■ **Saved data entries**
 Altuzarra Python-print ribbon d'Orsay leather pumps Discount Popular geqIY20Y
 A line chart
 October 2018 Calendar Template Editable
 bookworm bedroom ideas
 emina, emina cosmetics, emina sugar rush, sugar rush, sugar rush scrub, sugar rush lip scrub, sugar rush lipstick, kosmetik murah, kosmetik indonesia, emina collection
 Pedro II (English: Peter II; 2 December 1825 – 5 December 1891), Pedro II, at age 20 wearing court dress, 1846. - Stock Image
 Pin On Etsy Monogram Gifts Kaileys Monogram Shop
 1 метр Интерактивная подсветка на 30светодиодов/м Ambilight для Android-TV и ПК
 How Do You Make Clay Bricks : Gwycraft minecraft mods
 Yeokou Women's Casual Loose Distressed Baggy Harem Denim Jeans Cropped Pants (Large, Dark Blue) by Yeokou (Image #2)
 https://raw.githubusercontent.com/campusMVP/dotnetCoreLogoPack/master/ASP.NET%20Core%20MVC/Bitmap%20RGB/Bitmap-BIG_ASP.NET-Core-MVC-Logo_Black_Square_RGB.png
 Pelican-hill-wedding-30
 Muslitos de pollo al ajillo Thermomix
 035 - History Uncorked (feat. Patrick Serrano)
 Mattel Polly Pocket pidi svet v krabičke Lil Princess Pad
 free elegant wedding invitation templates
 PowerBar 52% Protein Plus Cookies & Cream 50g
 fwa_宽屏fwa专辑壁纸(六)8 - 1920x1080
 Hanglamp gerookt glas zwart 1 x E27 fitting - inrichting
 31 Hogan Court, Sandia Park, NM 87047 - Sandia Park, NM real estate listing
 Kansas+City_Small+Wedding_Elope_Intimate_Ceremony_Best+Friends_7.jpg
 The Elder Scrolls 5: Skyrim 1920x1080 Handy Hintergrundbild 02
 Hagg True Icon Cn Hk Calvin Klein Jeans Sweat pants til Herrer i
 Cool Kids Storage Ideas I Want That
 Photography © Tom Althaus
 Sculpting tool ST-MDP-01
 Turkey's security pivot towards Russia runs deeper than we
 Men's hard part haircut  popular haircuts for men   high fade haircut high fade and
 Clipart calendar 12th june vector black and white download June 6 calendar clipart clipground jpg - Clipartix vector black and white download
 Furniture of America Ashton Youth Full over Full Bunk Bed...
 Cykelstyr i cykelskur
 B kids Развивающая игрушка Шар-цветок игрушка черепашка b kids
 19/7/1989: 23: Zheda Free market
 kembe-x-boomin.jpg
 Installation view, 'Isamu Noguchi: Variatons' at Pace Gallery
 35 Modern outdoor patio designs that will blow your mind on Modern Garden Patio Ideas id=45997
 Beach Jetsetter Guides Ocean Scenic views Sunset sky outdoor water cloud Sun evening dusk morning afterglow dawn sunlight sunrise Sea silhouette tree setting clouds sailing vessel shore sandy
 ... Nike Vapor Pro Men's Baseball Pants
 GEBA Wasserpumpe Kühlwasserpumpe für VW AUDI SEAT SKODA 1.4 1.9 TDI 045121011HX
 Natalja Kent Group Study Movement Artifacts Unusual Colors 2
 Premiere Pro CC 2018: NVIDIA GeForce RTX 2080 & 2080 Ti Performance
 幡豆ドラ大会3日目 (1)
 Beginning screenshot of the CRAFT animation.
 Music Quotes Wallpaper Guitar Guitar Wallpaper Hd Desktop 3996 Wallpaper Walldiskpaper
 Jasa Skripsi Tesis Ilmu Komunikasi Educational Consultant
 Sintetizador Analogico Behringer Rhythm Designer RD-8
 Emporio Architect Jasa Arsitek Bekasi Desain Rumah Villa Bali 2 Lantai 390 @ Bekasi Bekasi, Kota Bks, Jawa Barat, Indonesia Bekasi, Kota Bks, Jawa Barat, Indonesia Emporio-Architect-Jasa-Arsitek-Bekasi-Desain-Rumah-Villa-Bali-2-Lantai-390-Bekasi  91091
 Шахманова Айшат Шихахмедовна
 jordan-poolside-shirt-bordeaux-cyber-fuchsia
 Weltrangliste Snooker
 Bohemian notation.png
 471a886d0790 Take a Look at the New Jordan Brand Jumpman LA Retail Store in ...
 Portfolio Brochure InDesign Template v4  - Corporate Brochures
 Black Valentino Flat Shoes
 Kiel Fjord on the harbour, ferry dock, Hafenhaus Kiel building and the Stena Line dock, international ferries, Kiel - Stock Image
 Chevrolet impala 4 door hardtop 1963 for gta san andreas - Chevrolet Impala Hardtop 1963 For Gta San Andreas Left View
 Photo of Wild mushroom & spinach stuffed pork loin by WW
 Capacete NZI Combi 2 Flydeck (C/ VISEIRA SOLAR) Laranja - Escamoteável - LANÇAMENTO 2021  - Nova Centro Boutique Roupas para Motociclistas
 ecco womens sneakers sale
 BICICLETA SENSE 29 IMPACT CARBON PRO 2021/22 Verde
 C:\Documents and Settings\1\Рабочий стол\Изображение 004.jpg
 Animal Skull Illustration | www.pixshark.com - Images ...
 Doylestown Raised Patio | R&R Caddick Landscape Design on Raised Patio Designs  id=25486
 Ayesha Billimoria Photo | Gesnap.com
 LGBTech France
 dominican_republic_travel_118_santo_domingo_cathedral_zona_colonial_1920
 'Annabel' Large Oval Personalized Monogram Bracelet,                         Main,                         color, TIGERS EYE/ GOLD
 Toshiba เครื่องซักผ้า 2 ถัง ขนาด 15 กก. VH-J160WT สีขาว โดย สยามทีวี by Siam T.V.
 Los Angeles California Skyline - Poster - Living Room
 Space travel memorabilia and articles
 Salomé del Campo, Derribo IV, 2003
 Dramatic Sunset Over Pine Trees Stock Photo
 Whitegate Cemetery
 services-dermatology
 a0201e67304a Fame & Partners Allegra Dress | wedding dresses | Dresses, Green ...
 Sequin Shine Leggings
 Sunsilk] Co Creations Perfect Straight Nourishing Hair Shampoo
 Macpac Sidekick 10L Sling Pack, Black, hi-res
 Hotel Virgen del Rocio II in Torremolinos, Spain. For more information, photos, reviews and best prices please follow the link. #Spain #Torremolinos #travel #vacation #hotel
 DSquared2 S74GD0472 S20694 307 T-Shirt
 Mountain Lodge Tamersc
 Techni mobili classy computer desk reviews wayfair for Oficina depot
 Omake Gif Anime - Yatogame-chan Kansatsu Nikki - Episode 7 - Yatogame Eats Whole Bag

■ **Your instructions**
Return the entries exactly through the "Pin On Etsy" line.

■ **Answer to this exercise**
 Altuzarra Python-print ribbon d'Orsay leather pumps Discount Popular geqIY20Y
 A line chart
 October 2018 Calendar Template Editable
 bookworm bedroom ideas
 emina, emina cosmetics, emina sugar rush, sugar rush, sugar rush scrub, sugar rush lip scrub, sugar rush lipstick, kosmetik murah, kosmetik indonesia, emina collection
 Pedro II (English: Peter II; 2 December 1825 – 5 December 1891), Pedro II, at age 20 wearing court dress, 1846. - Stock Image
 Pin On Etsy Monogram Gifts Kaileys Monogram Shop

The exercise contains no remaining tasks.